→ **EXERCISE DIRECTIONS**
From the first line to the last, copy the listing exactly and omit the pictures.

---------- RAW DATA

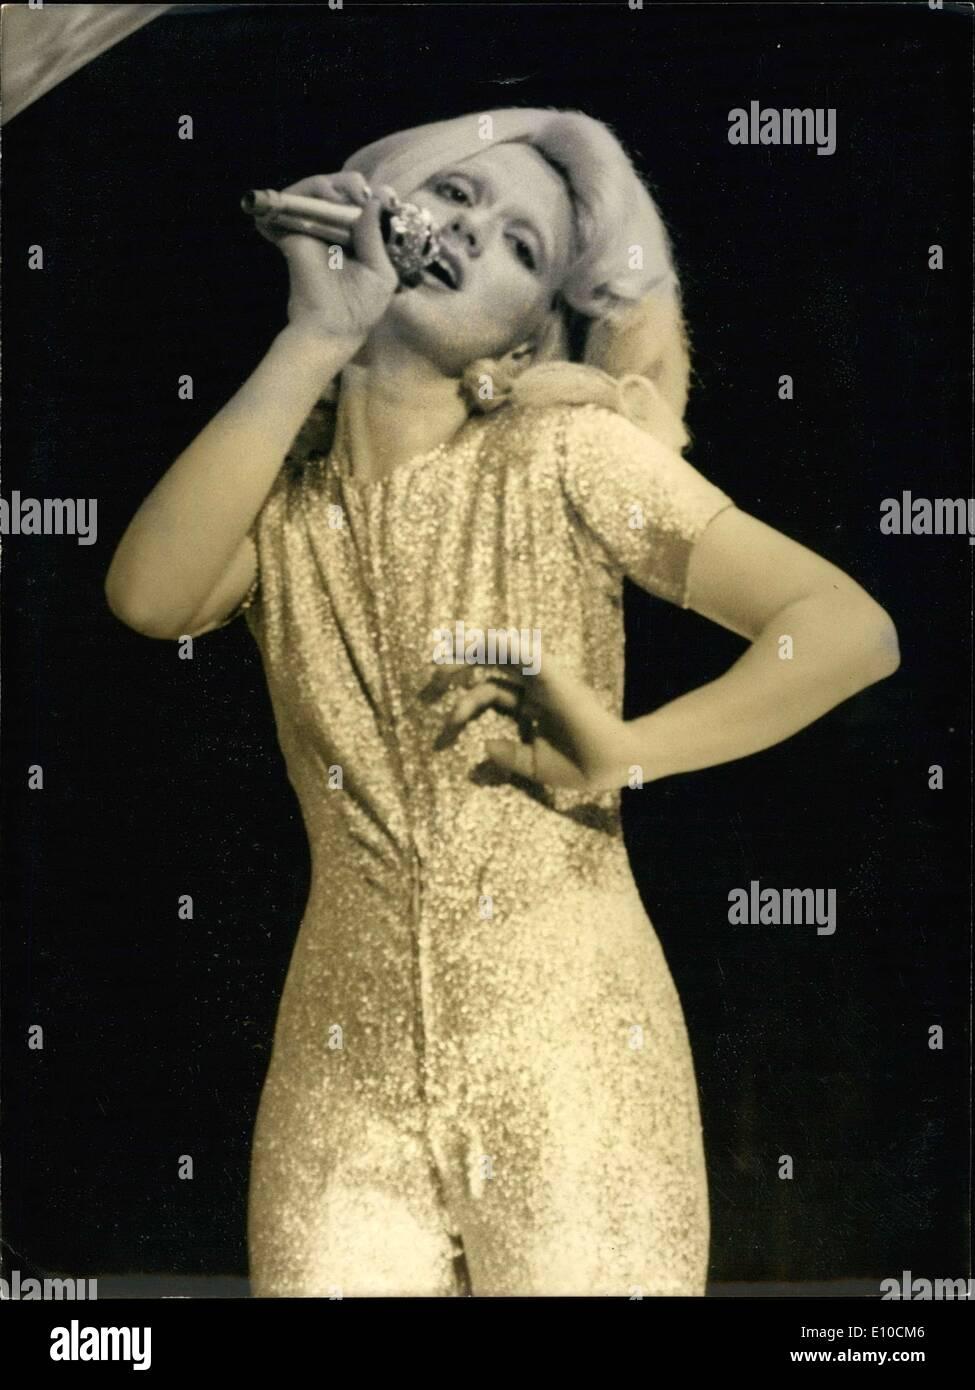 Jun. 10, 1972 - During the TV program ''Entente Coridale'' Rita Pavone impersonates the French singer Sylvie Vartan. - Stock Image
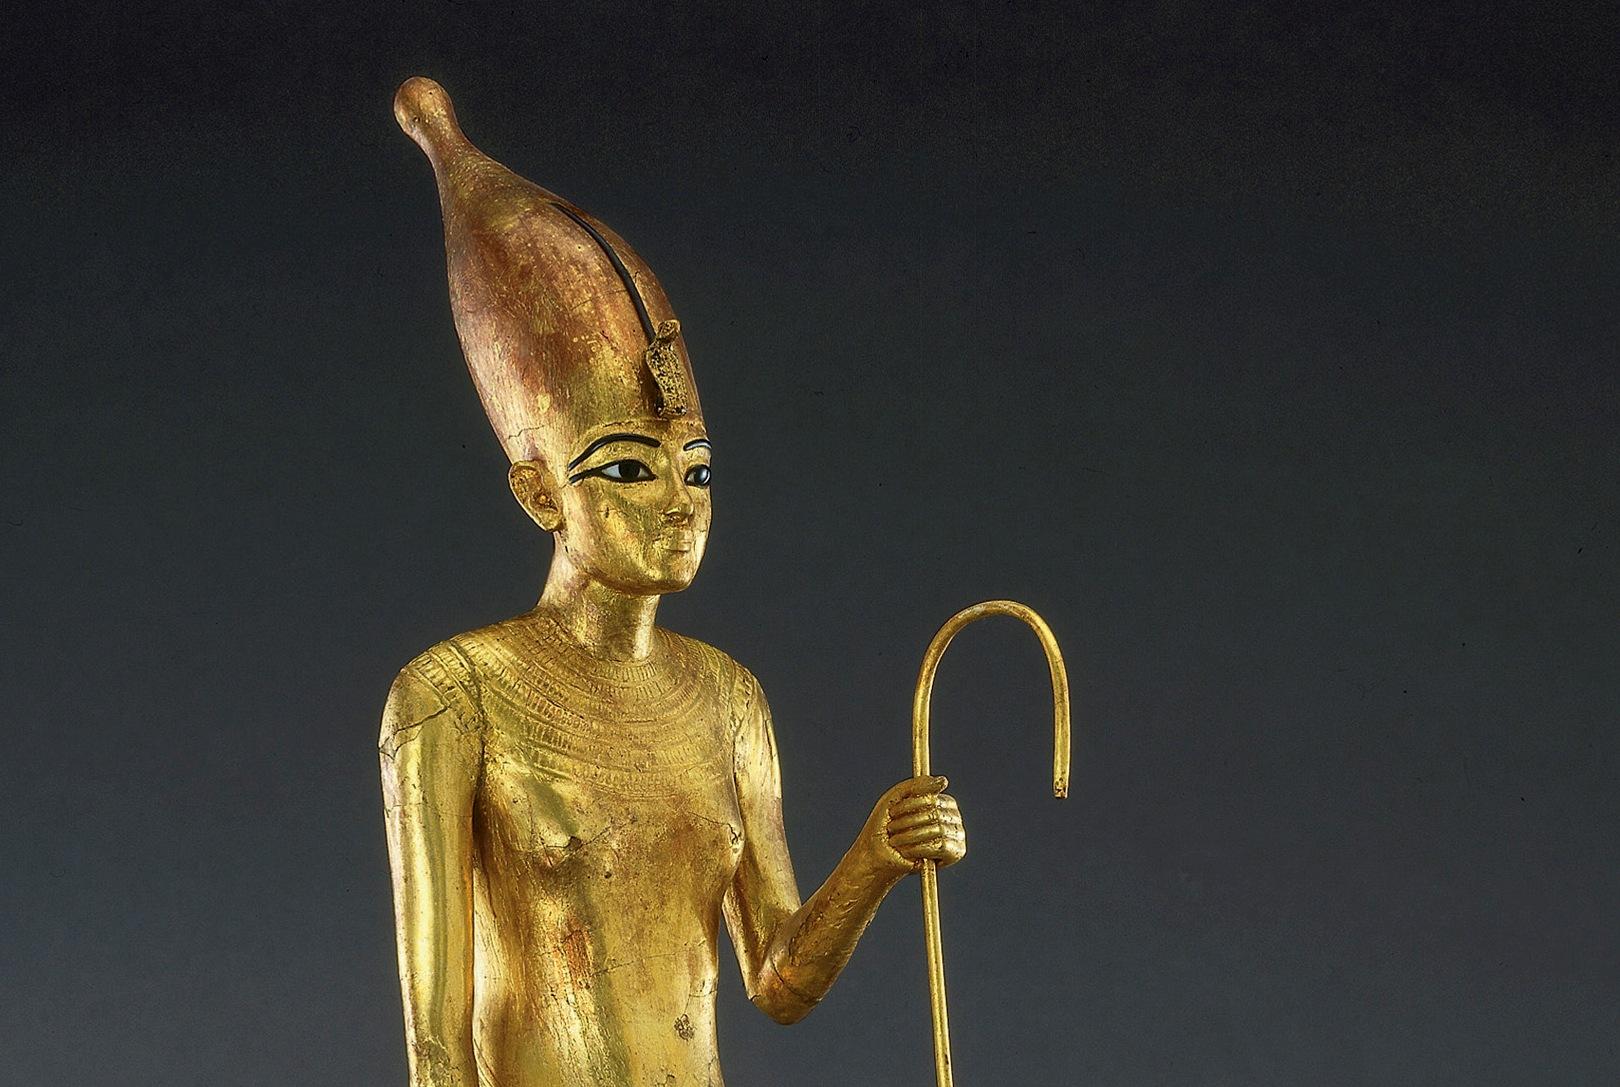 statuette_upper_egypt 1B.png
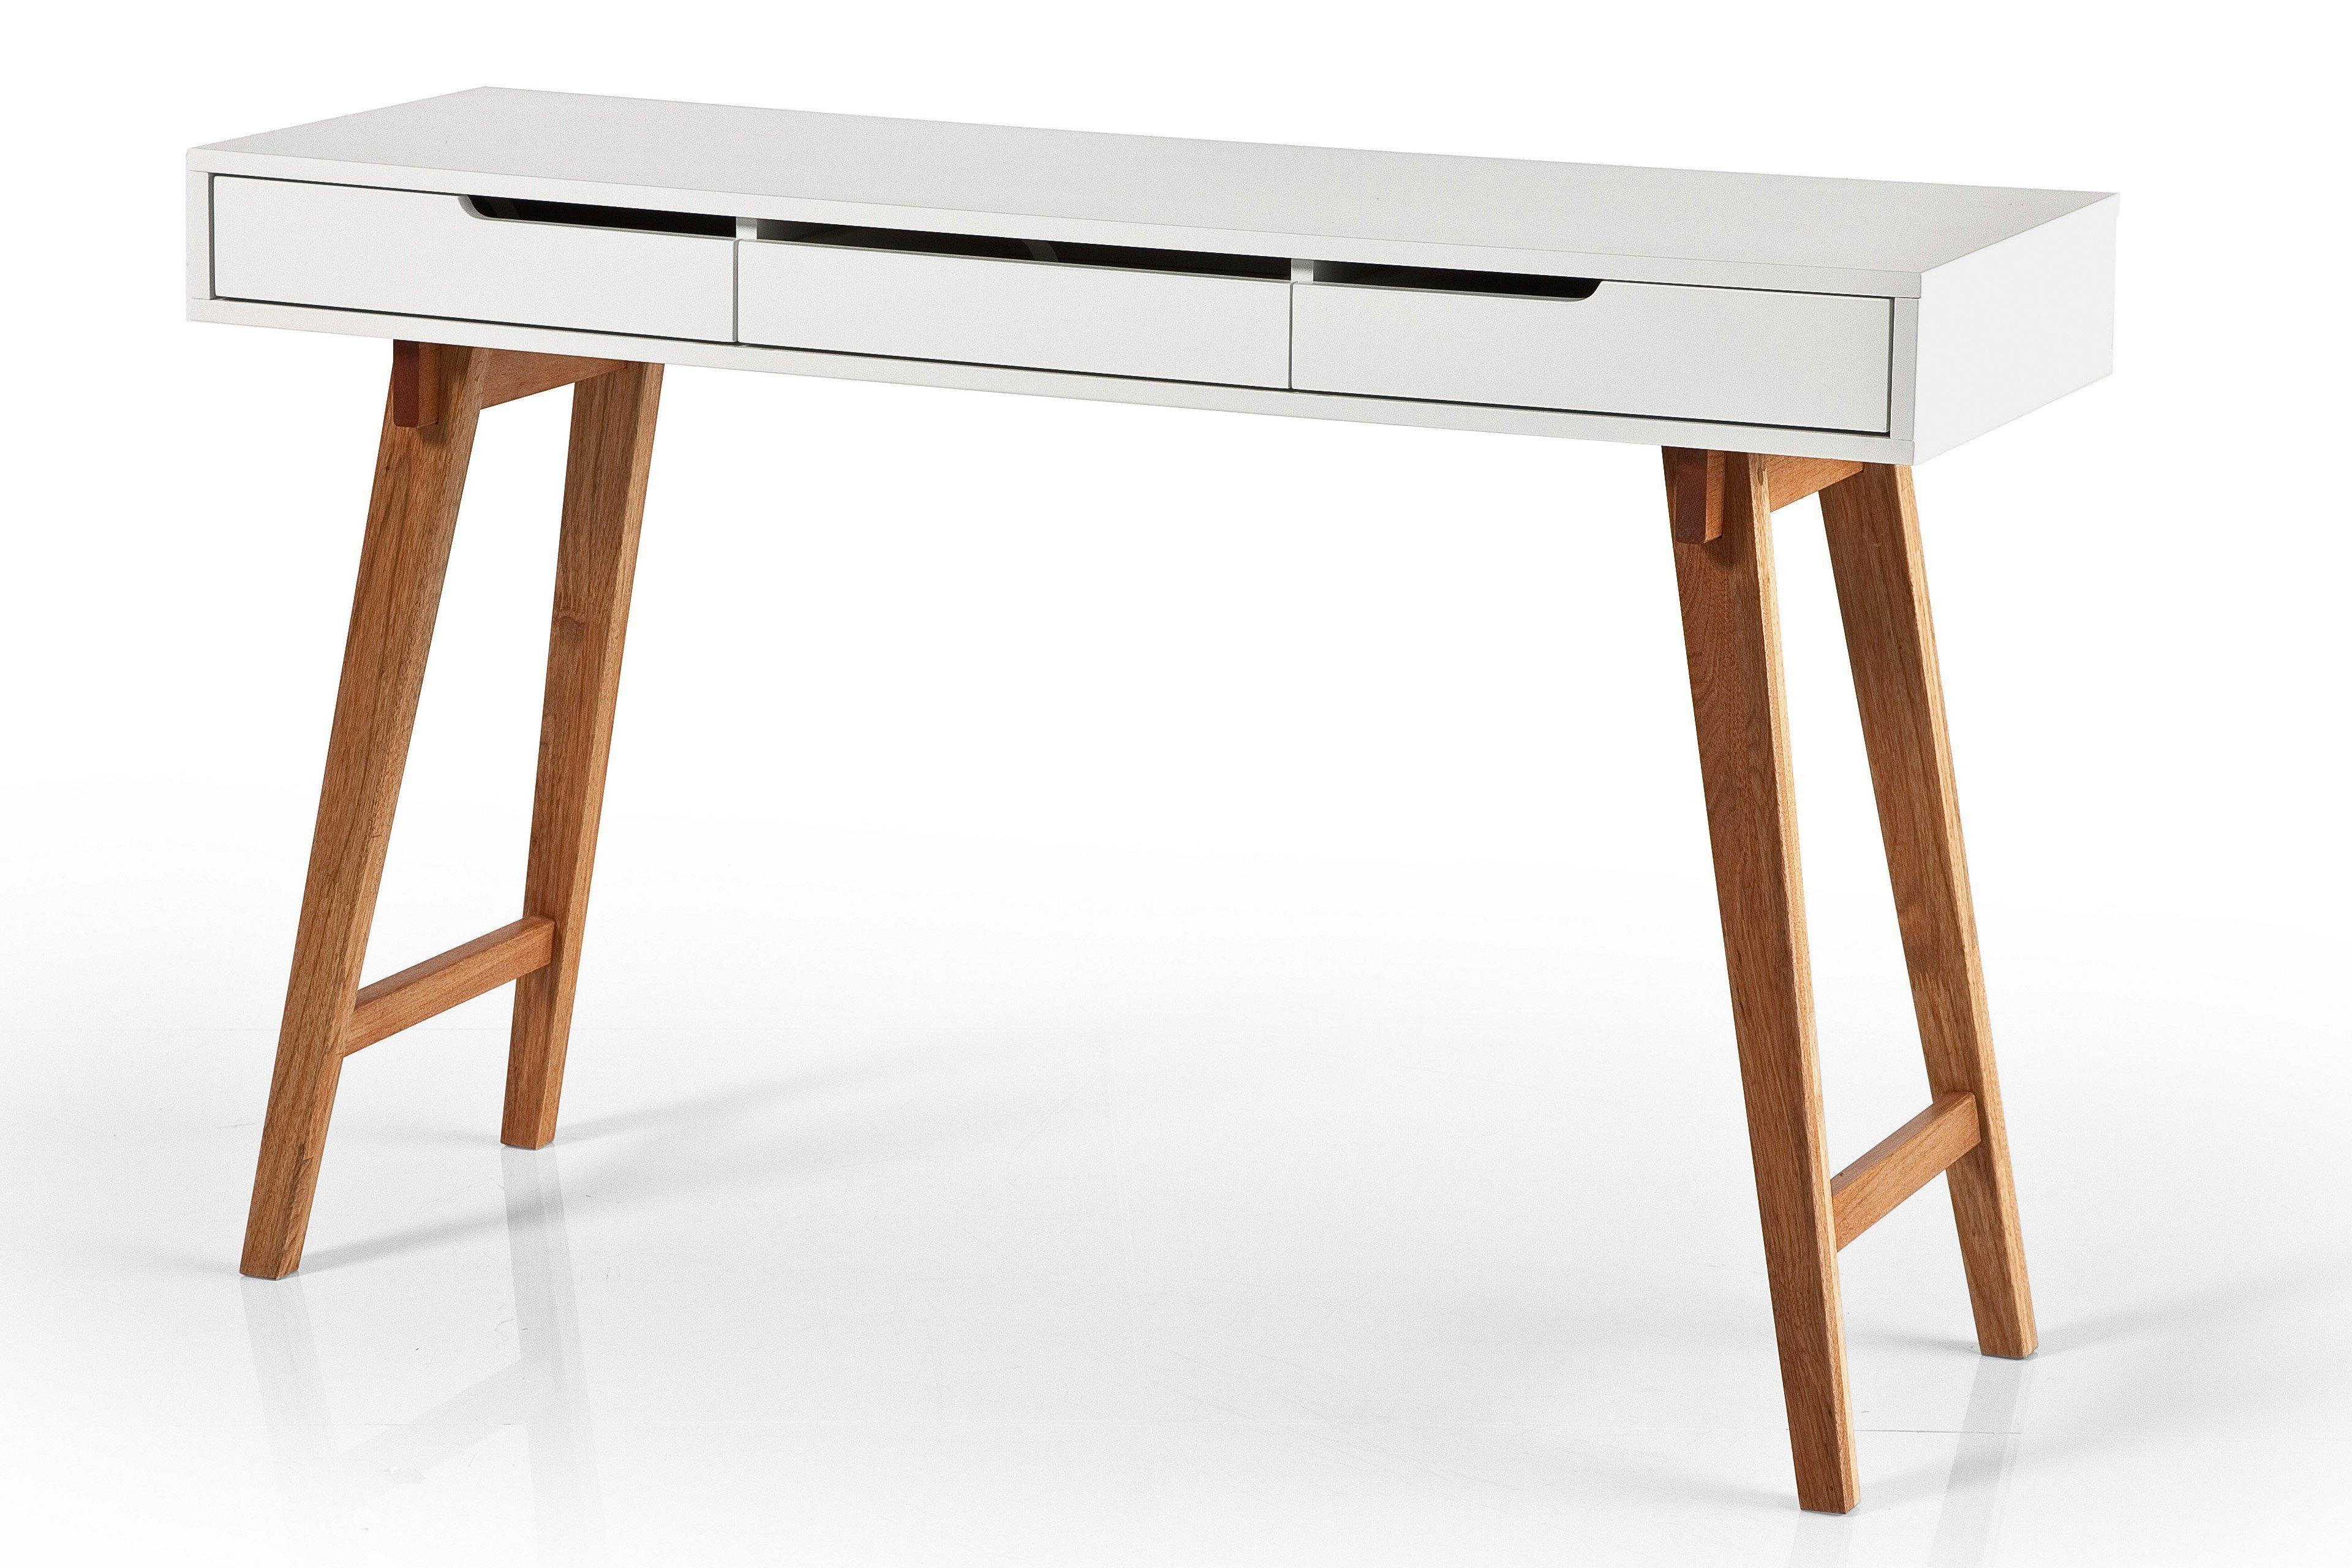 skandinavische konsole andri wei matt buche m bel letz ihr online shop. Black Bedroom Furniture Sets. Home Design Ideas

--------------------

→ **SOLUTION FOR THIS EXERCISE**
 Jun. 10, 1972 - During the TV program ''Entente Coridale'' Rita Pavone impersonates the French singer Sylvie Vartan. - Stock Image
 statuette_upper_egypt 1B.png
 skandinavische konsole andri wei matt buche m bel letz ihr online shop. Black Bedroom Furniture Sets. Home Design Ideas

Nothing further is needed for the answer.